Pestizide Obst Gemüse

Regina Aschmann von der Verbraucherzentrale Bremen

Pestizide in Obst und Gemüse: Was ist drin? Wieviel? Wie meiden?

Gibt es Unterschiede bei den eingesetzten Pestiziden, je nachdem ob das Obst und Gemüse in Deutschland, in der EU, in der Schweiz oder in anderen Ländern angebaut wird?

Ja, es gibt Unterschiede – sogar innerhalb der EU. In den südeuropäischen Ländern herrschen andere Wachstumsbedingungen als bei uns oder in noch nördlicheren Ländern. Die EU hat dies bei der Gesetzgebung zum Einsatz von Pestiziden berücksichtigt. Wichtig ist jedoch, dass die Zulassung, Anwendung und die Gehalte an Pestizidrückständen EU-weit geregelt sind.

Zwischen der Schweiz und der EU gibt es in vielen Bereichen bilaterale Abkommen, so auch beim Pflanzenschutz.
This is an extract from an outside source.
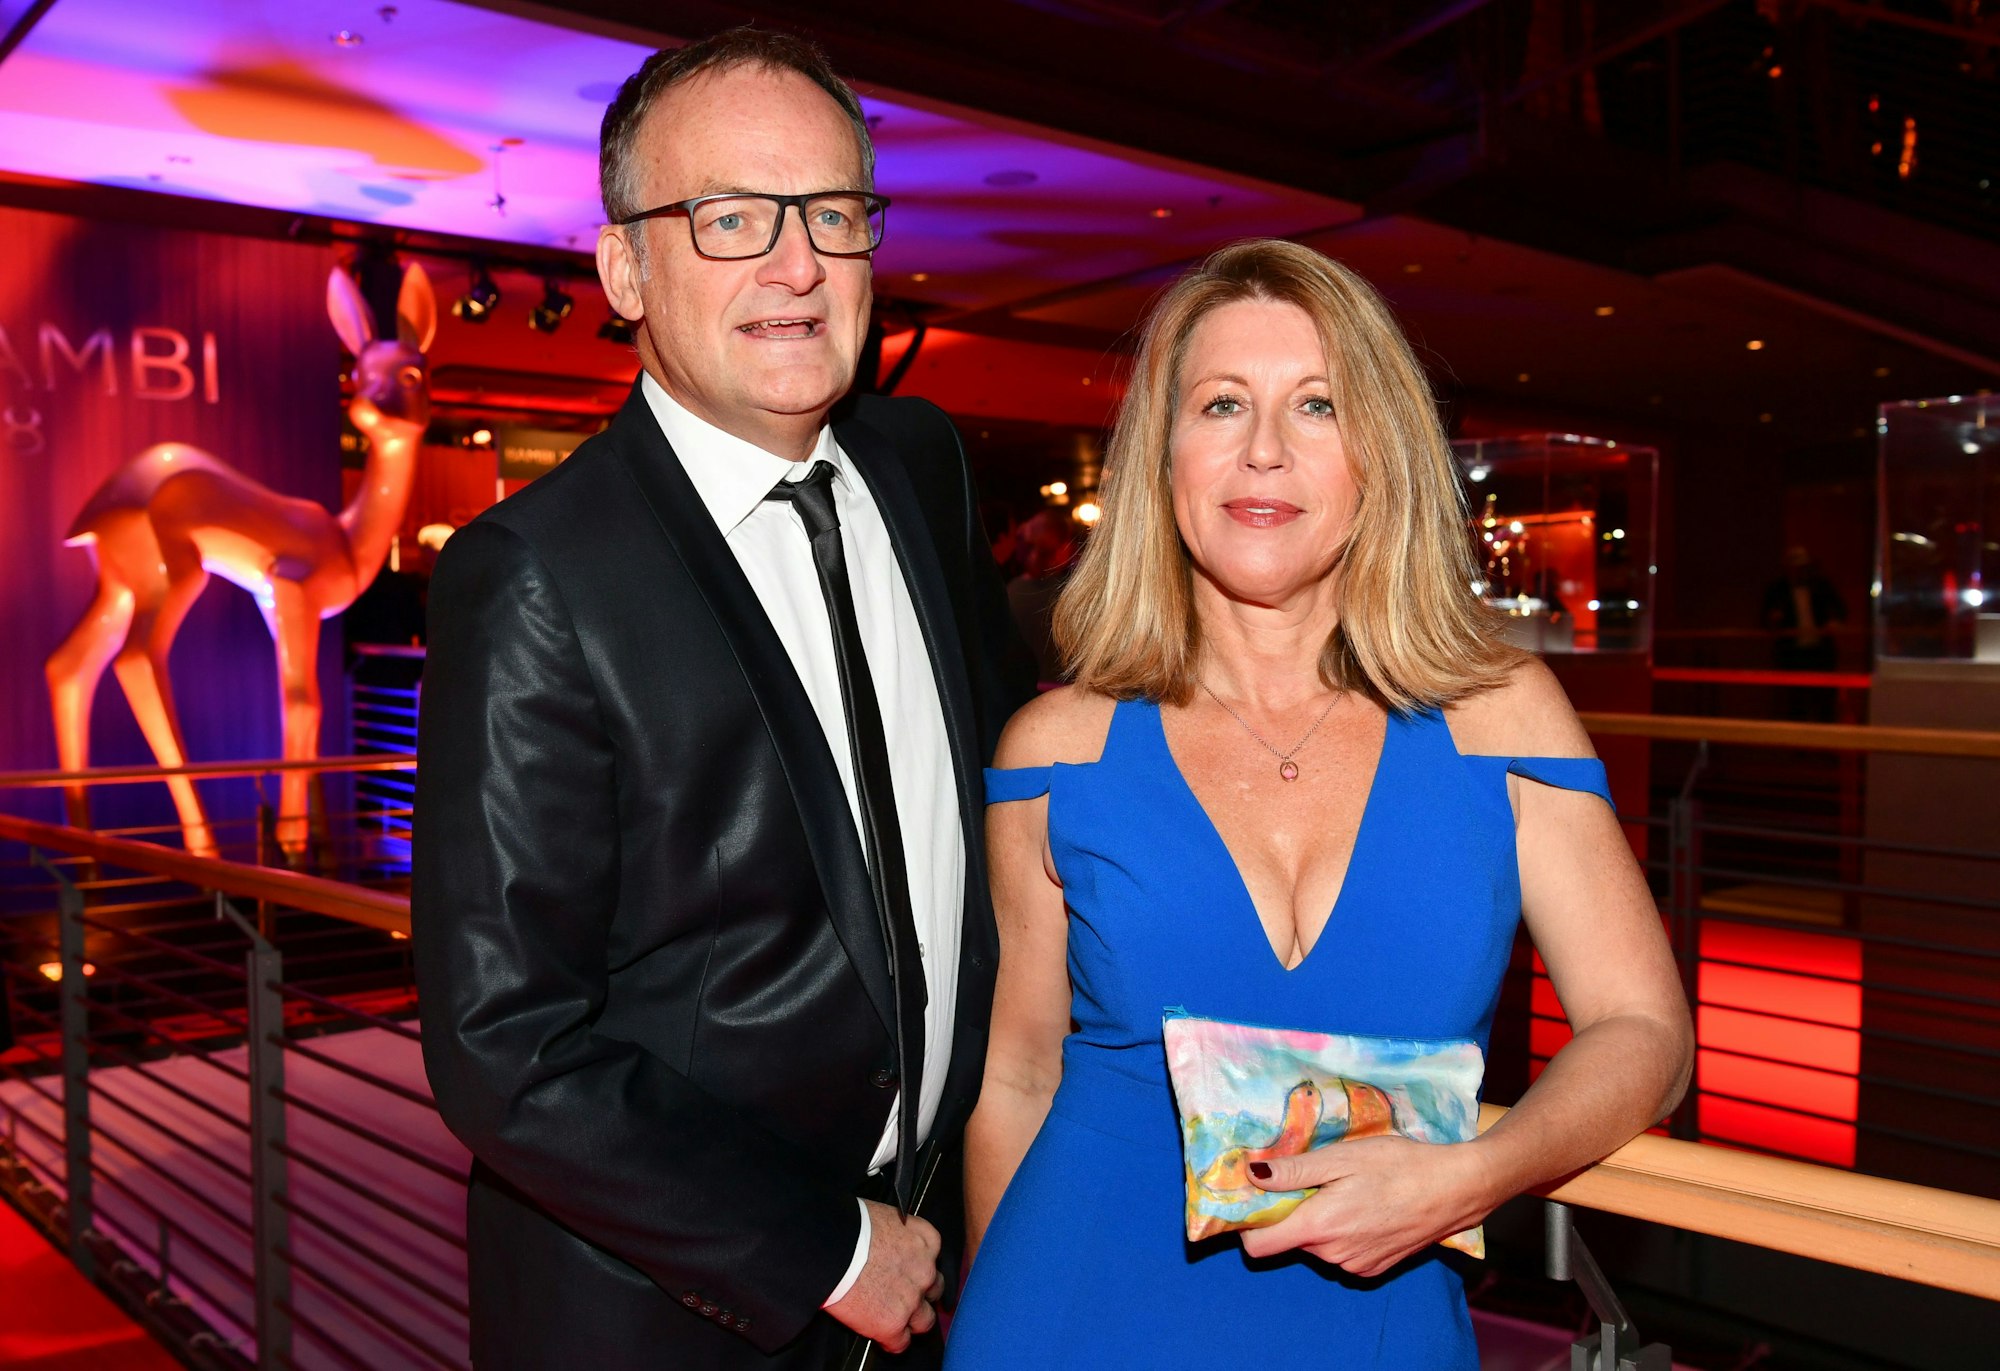 Anne Gesthuysen und Frank Plasberg beim Vorempfang zur 70. Verleihung des Medienpreises Bambi im Stage Theater

Das heißt, die Situation in der Schweiz ist mit der in der EU vergleichbar.

Aus anderen Drittstaaten können jedoch hoch belastete Lebensmittel wie zum Beispiel frische Kräuter aus den Palästinensischen Autonomiegebieten, aus der Türkei, Thailand oder Kambodscha in unseren Geschäften landen. Da es für Kräuter – im Gegensatz zu den meisten anderen Obst- und Gemüsearten – keine verpflichtenden Herkunftsangaben gibt, ist die Bevorzugung heimischer Kräuter nicht so einfach, es sei denn, der Hersteller ist bekannt.

Untersuchungen belegen immer wieder, dass Lebensmittel aus Drittstaaten deutlich höher belastet sein können als in der EU.
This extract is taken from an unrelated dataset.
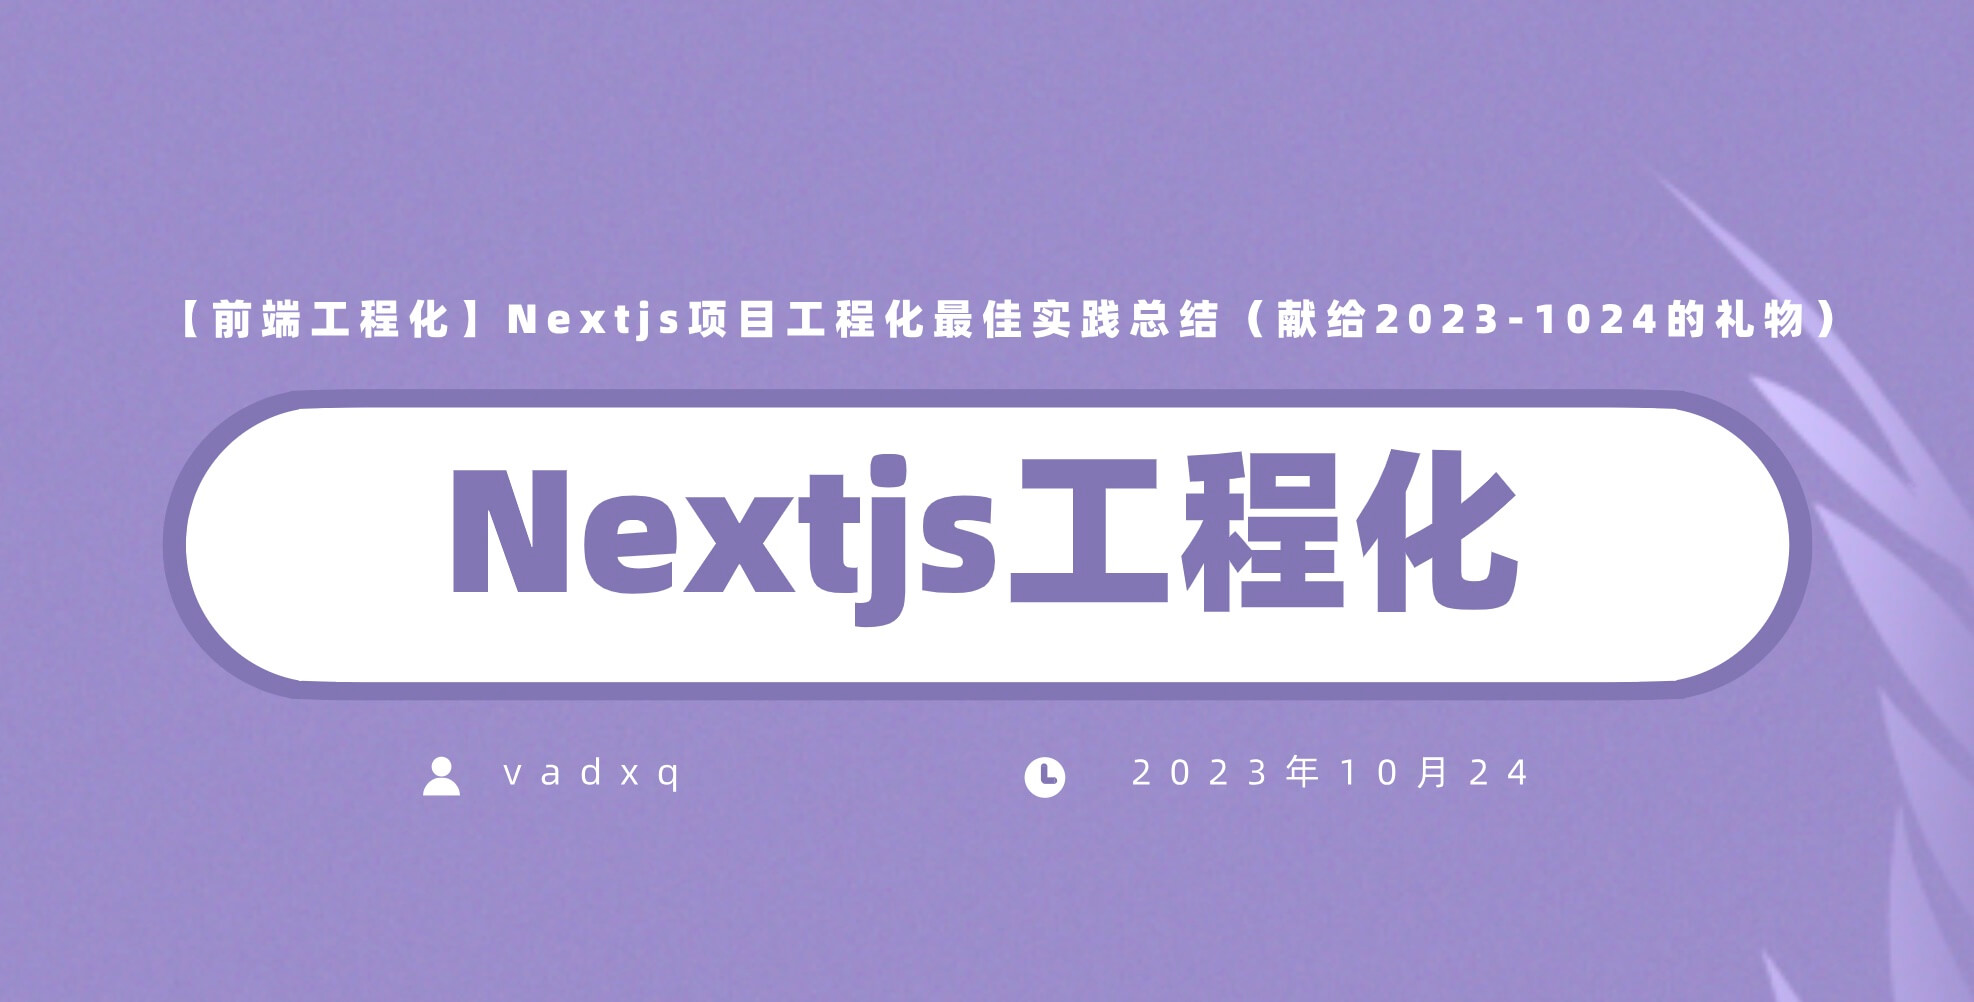 【前端工程化】Nextjs项目工程化最佳实践总结（献给2023-1024的礼物）

Wie hoch ist der Anteil an Pestiziden noch, wenn Obst und Gemüse auf dem Teller des Verbrauchers landen? Hilft Schälen und Waschen?

Das lässt sich nicht pauschal beantworten. Gründliches Waschen hilft – aber nur bei den Rückständen, die sich außen befinden. Ein weiterer Faktor ist die jeweilige Empfindlichkeit: Weintrauben oder Äpfel lassen sich gut durch kräftiges Reiben zwischen den Händen unter heißem Wasser abwaschen. Bei Erdbeeren oder Salatblättern wird es schon schwieriger. Schälen sollte man Äpfel und Birnen möglichst nicht – direkt unter der Schale befinden sich die meisten Inhaltsstoffe. Obwohl die Schalen von Apfelsinen und Bananen nicht verzehrt werden, sollten sie – so merkwürdig es auch klingt- vor dem Schälen gründlich gewaschen werden.  Dadurch wird verhindert, dass Rückstände von den Händen auf das Fruchtfleisch gelangen.